*Exercise aim*
Copy verbatim the block of lines in the entries below whose first line contains "Converse CHUCK TAYLOR" and whose last line contains "Disney Plastic Measuring Spoons". Leave out all other lines.

*Data for this task*
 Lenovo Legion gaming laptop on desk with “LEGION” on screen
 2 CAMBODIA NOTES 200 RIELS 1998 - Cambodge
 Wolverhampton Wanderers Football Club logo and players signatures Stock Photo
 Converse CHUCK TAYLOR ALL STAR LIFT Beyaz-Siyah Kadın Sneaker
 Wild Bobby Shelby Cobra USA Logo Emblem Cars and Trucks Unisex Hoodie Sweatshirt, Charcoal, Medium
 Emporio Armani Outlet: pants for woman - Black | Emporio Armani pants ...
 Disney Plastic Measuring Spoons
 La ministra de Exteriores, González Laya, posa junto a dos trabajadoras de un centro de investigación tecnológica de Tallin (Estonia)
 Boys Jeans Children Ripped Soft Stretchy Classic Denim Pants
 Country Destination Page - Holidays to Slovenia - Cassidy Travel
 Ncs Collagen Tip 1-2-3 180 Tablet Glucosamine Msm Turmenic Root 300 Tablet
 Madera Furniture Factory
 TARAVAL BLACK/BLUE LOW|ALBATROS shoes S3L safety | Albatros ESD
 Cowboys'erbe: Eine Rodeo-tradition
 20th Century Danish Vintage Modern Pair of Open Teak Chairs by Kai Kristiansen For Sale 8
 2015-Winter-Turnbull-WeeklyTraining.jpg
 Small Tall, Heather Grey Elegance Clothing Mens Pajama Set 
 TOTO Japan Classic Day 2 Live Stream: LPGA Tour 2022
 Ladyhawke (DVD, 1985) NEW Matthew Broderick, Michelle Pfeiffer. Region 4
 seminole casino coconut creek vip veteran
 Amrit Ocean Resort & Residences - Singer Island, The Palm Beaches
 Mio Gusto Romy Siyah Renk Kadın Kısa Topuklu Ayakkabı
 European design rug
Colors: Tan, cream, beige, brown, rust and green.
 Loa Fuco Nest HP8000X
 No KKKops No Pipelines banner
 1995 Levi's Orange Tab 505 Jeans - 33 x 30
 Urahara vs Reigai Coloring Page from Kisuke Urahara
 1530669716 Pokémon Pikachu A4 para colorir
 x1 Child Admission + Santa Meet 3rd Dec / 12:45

*The completed task*
 Converse CHUCK TAYLOR ALL STAR LIFT Beyaz-Siyah Kadın Sneaker
 Wild Bobby Shelby Cobra USA Logo Emblem Cars and Trucks Unisex Hoodie Sweatshirt, Charcoal, Medium
 Emporio Armani Outlet: pants for woman - Black | Emporio Armani pants ...
 Disney Plastic Measuring Spoons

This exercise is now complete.